BEGIN Given information

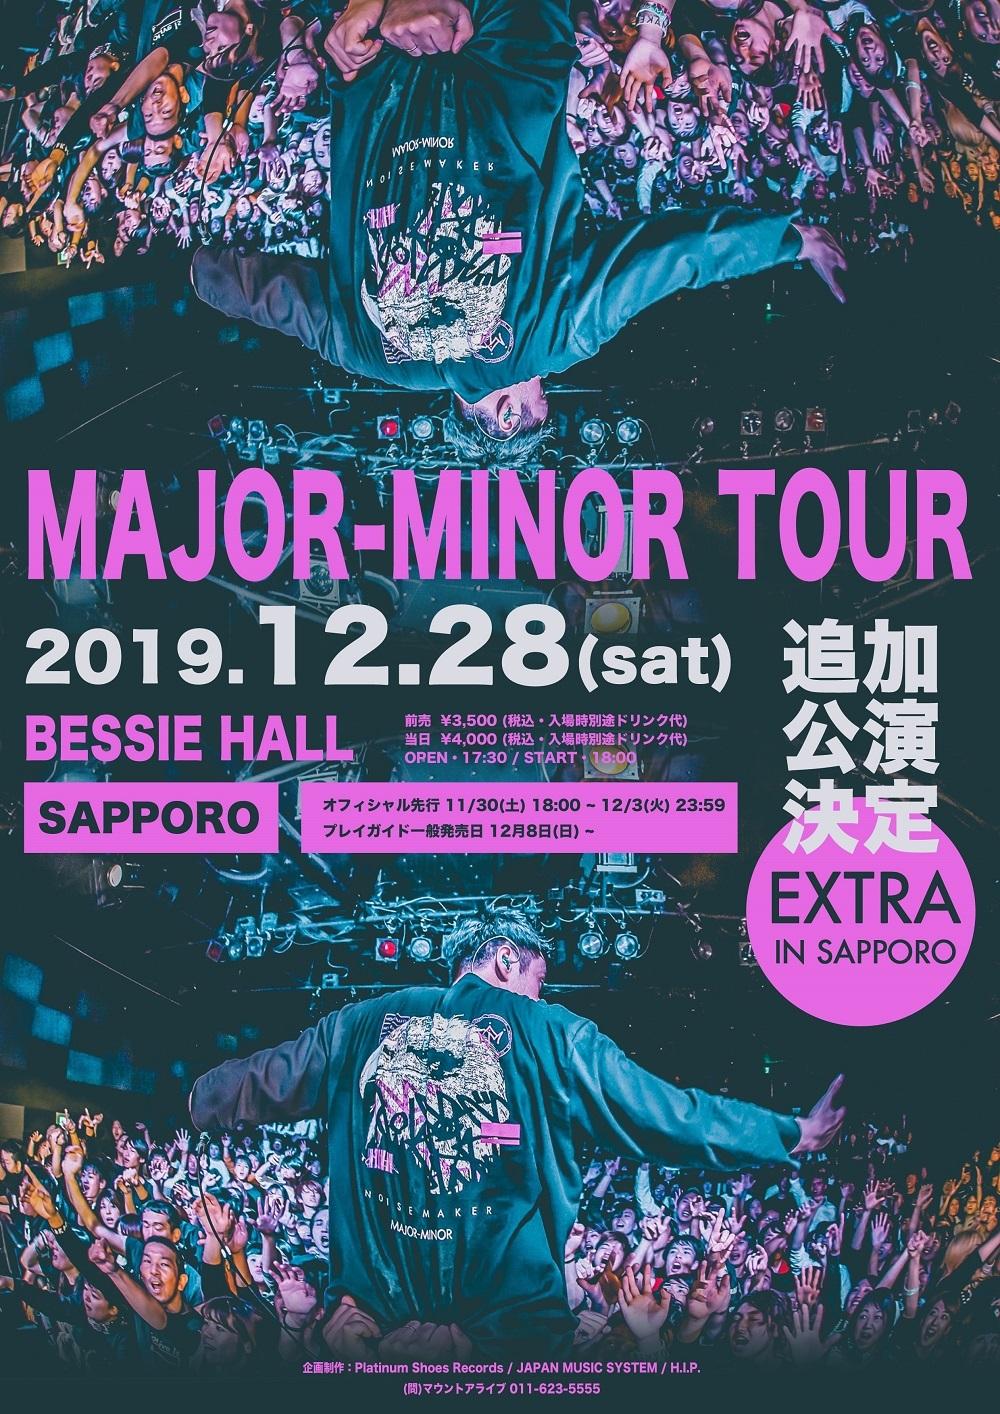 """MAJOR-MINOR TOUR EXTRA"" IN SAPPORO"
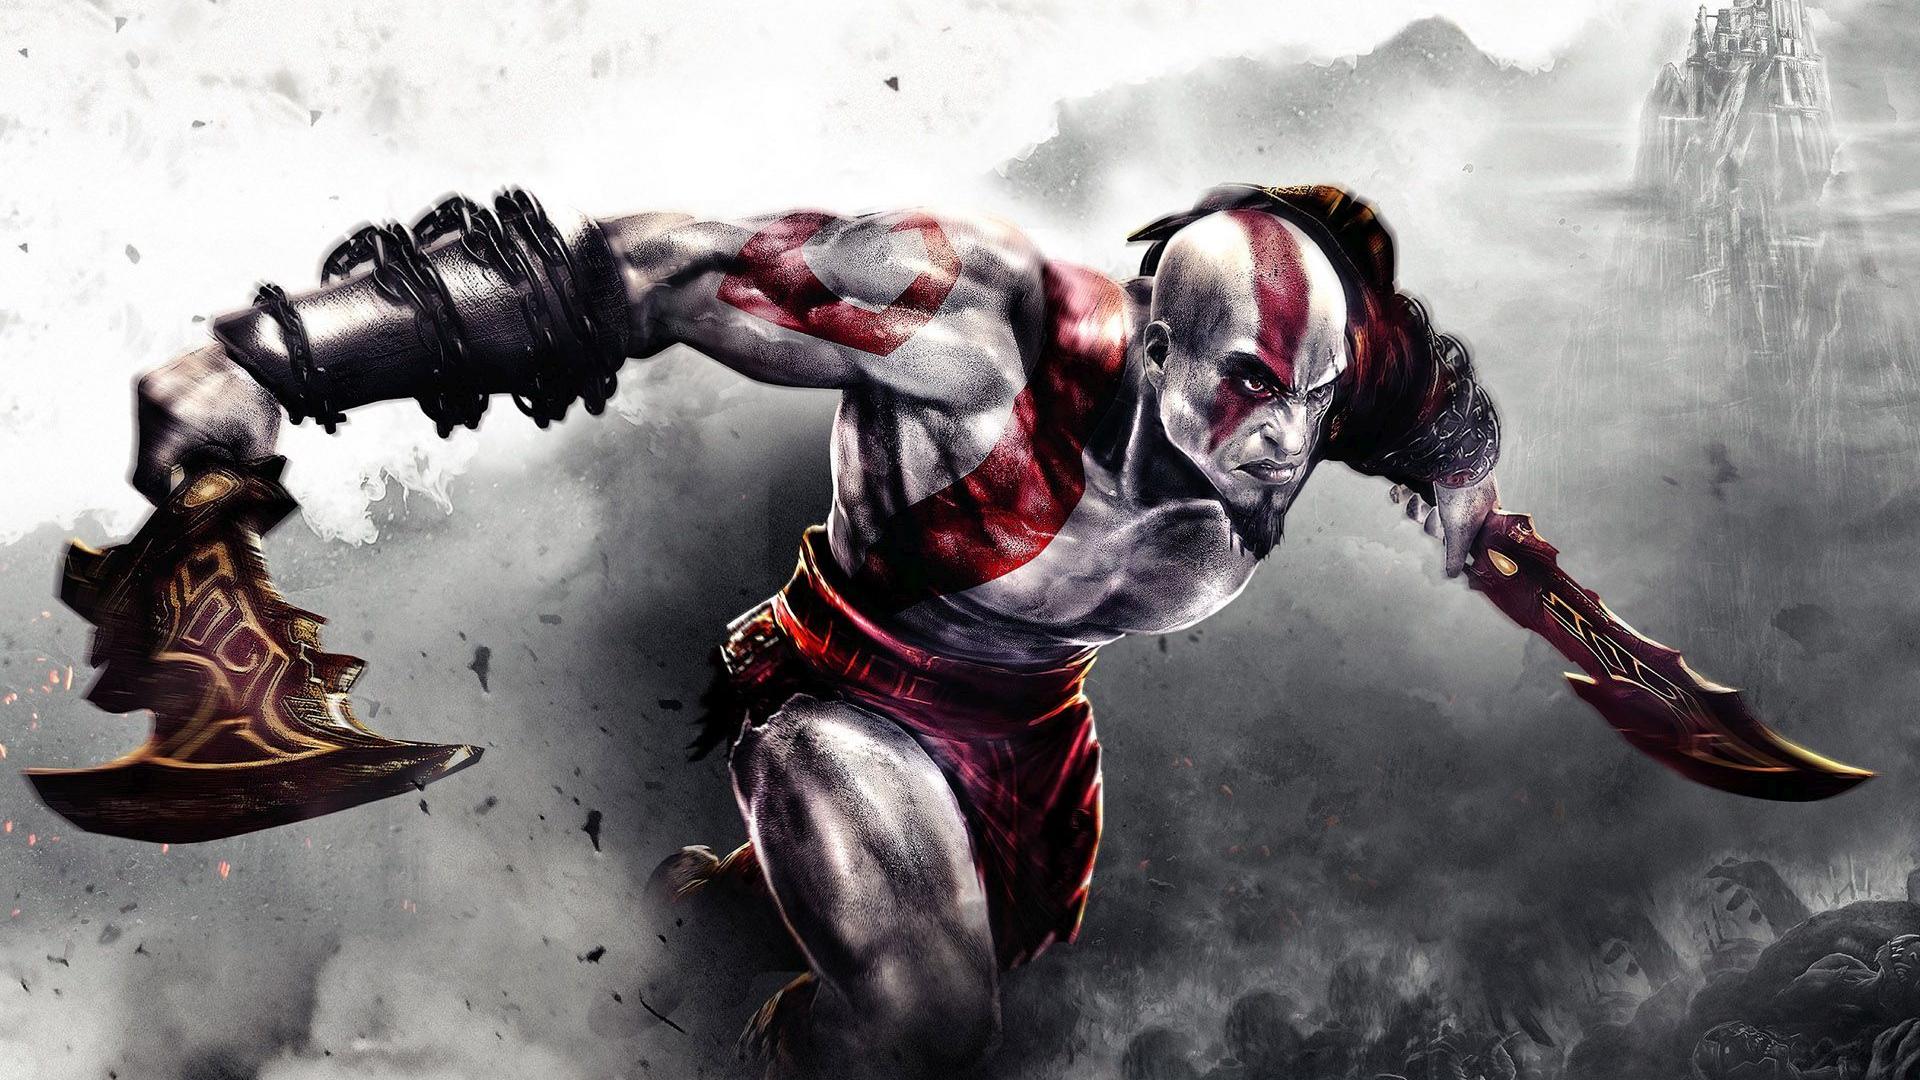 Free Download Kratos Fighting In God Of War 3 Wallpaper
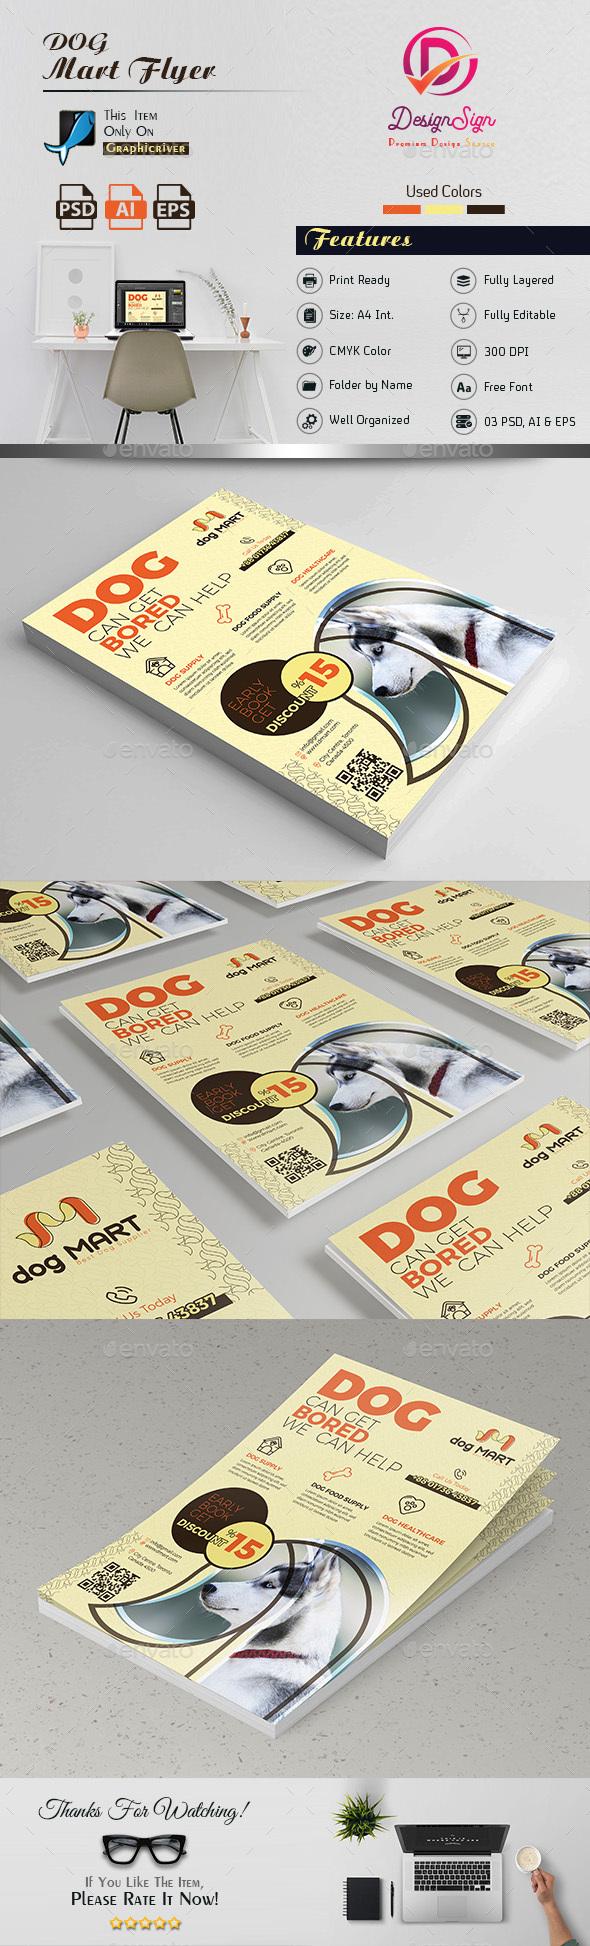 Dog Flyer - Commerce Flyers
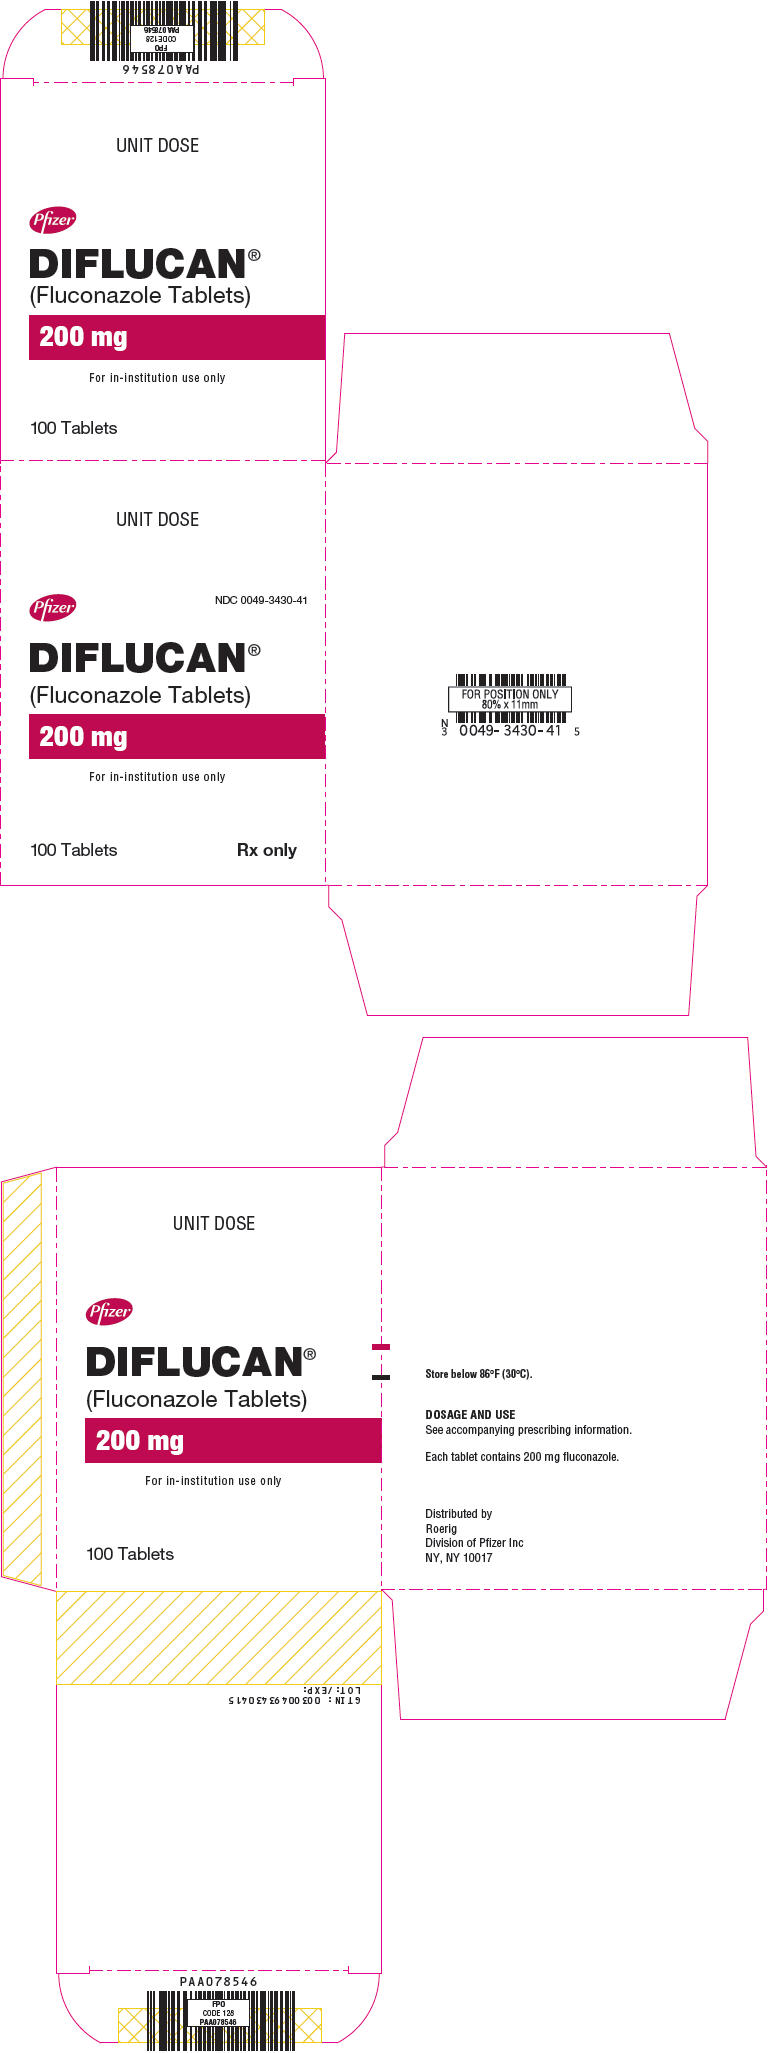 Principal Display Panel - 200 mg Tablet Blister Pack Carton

END Given information

▸ Work required: Please copy the data above exactly; the pictures do not belong in the copy.

▸ Answer section:
 """MAJOR-MINOR TOUR EXTRA"" IN SAPPORO"
 Free Download Kratos Fighting In God Of War 3 Wallpaper
 Dog Flyer - Commerce Flyers
 Principal Display Panel - 200 mg Tablet Blister Pack Carton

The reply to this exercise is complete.